По делу Петра Михайловича мою мать так и не вызвали. Говорить правду в НКВД об оклеветанных товарищах ей еще предстояло.
На другой день, когда
я пришел навестить маму, она была уже в полном сознании.Итак, – думалось мне, – Петр Михайлович еще счастливо отделался. Он – не вдохновитель восстания, он – не главарь вредительской шайки, будто бы окопавшейся в школе, он – вообще не вредитель, он не вел пропаганды среди учеников. Но приклеить-то ему что-нибудь надо! Выпустишь – как бы самому не сесть. В таких случаях приходит на помощь спасительная 5810 – то есть «индивидуальная агитация». Но кого же он, однако, агитировал? Самого себя? Или своих добрых знакомых, которых давным-давно без его участия разагитировала сама жизнь?
Перед тем как отправить Петра Михайловича по этапу в концлагерь, ему дали свидание в Лихвинской тюрьме с женой и матерью.
Тюрьма не ожесточила Петра Михайловича, для которого понять человека почти всегда означало простить.
Каким-то образом стало известно, что под давлением следователя один из сослуживцев оговорил Петра Михайловича, что им была устроена очная ставка и что Петр Михайлович доказал лживость показаний «свидетеля». И вот, когда жена и мать спросили его, правда ли, что сослуживец и приятель так отплатил за добро, которое Петр Михайлович делал ему на протяжении многих лет, он махнул рукой:
– Ну, что с него спрашивать! Испугался за сына, старый дурак! (Сын «свидетеля» находился в лагере.) Да и показания его гроша медного не стоят, я его живо посадил в калошу.
Траубенберг имел мужество отказаться от своего показания. Другой сослуживец что-то сболтнул из страха за сына. Но доносили на Петра Михайловича из года в год, изо дня в день осведомители: доктор Владимир Владимирович Пятницкий, учитель Иван Иванович Рыжов. С Пятницким Петр Михайлович был откровенен, при Рыжове рассказывал невинные анекдоты. И все-таки самые тяжкие и напролет лживые показания дали против него не сексоты, а бывший псаломщик, затем «совслужащий» Валерьян Иванович Соколов, с которым Петр Михайлович только здоровался при случайных встречах на улице или в магазине, и племянник Соколова Николай Георгиевич, по прозвищу «Сопля», единственный Иуда из всех лебедевских учеников.
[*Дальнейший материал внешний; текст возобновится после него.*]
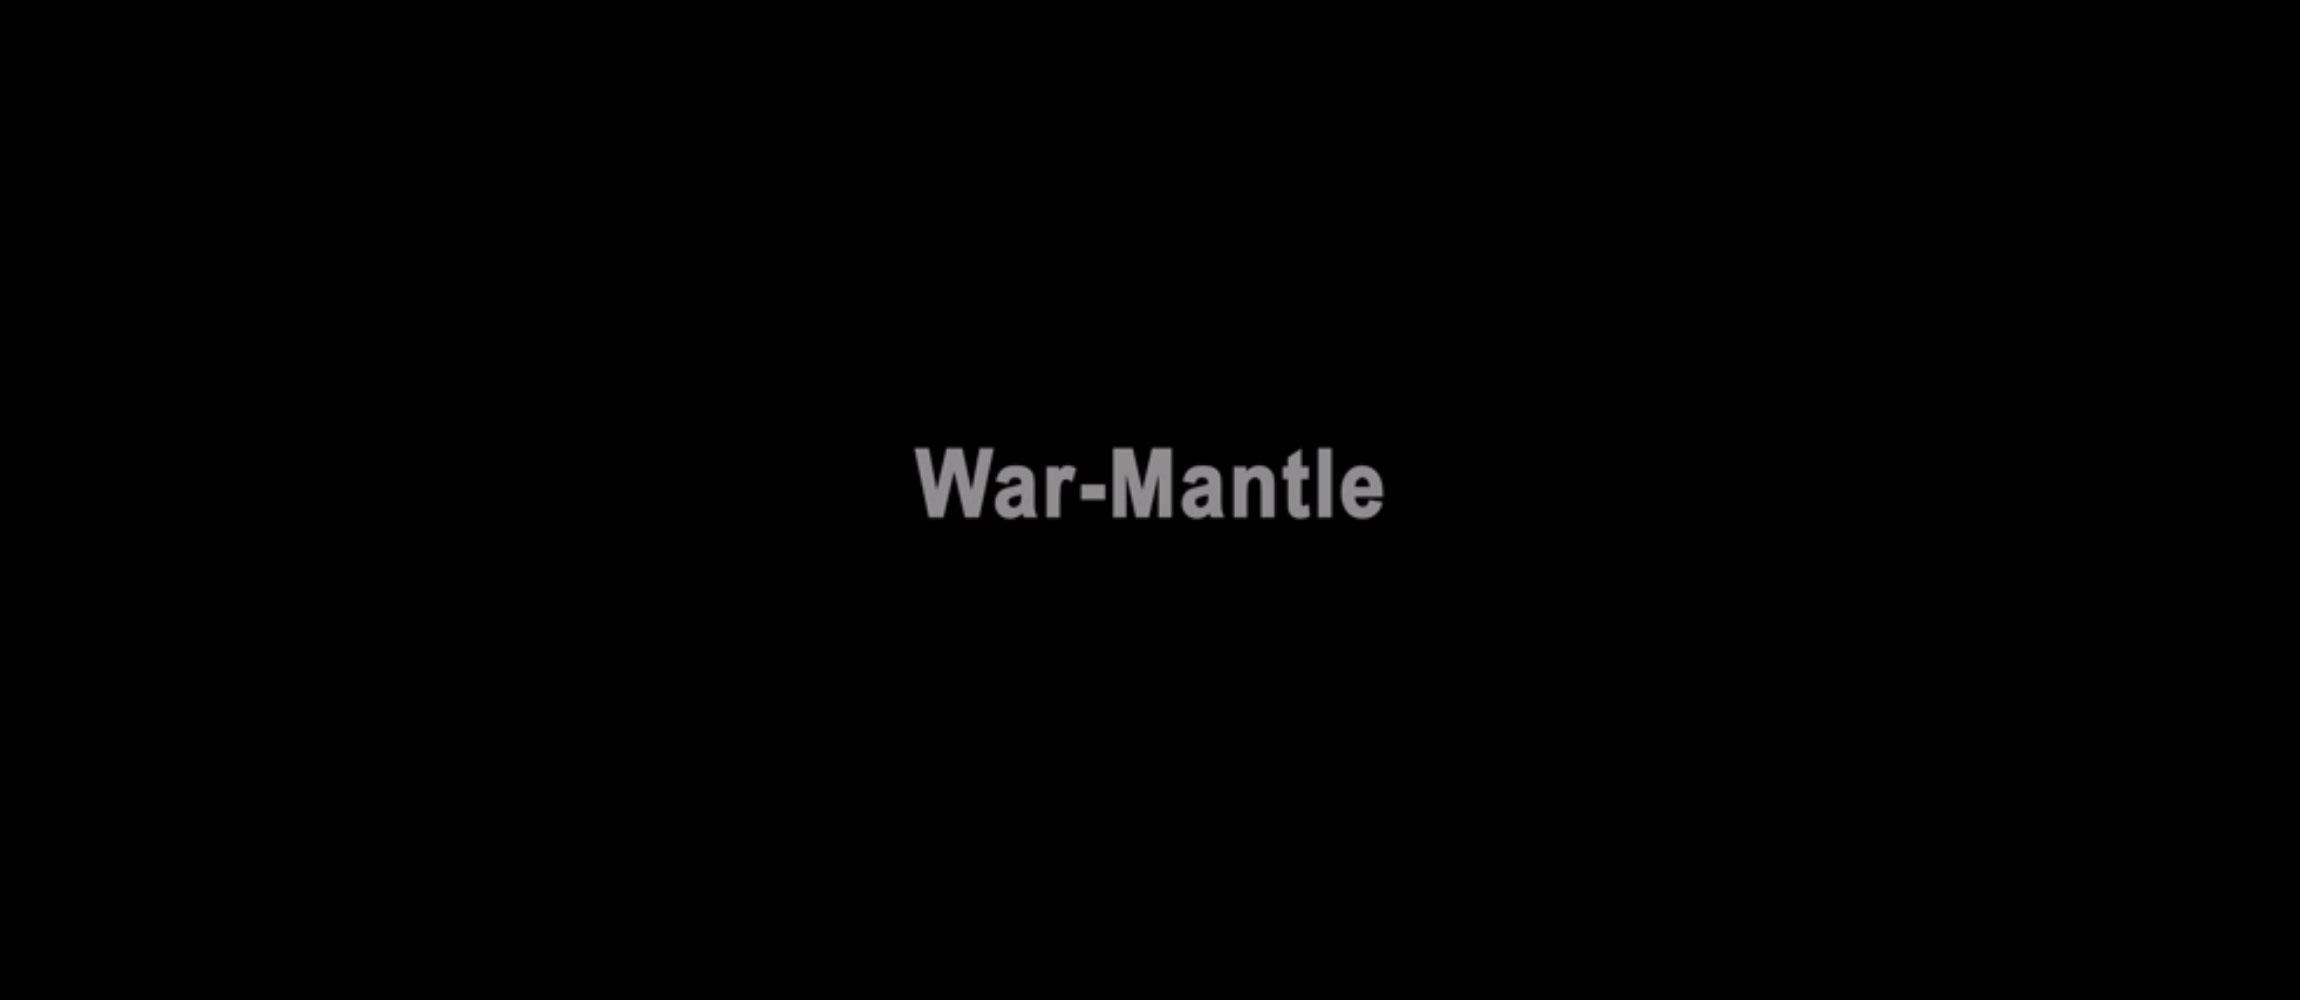 War-Mantle title card

Возмездие не замедлило: Рыжова убили на фронте; Соколова убили на фронте; комсомольца Георгиевского советский военный трибунал судил за то, что он перед приходом немцев в Перемышль драпанул из своей части в Перемышль и там при немцах отсиживался. Дальнейшая судьба Георгиевского неизвестна. Когда Петр Михайлович возвратился на родину, ни в чем перед ним не повинная учительница Раиса Ивановна Георгиевская, урожденная Соколова, сестра и мать лжесвидетелей, в то время уже погибших, пришла к Петру Михайловичу просить за них прощения.
Петр Михайлович любил рассказывать случай, происшедший с ним в молодости.
В доме у соборного дьякона Даньшина, сочувствовавшего революционным настроениям молодежи, перемышльские крамольники читали вслух запрещенную литературу, пели вполголоса: «Царь-вампир пьет народную кровь». Бывал на этих собраниях и учитель Лебедев. В один прекрасный день его вызывает к себе исправник и говорит:
– Мне, господин Лебедев, все известно о ваших сборищах у дьякона Даньшина. Вам должно быть понятно, что я держусь иных взглядов. Но раз что вы пропаганды среди населения не ведете, я вашим собеседованиям значения не придаю. Но среди вас находится охранник, Дмитрий Воронцов. И вот он доносит на вас в Калужское охранное отделение. В случае чего я вас защитить не смогу. Поэтому мой вам совет: с Воронцовым в откровенности не вступать, а ваши сборища – по крайней мере, временно – прекратить. Вы – человек молодой, единственный сын у матери, вся жизнь у вас впереди, не губите же из-за пустяков себя и не причиняйте горя вашей матери.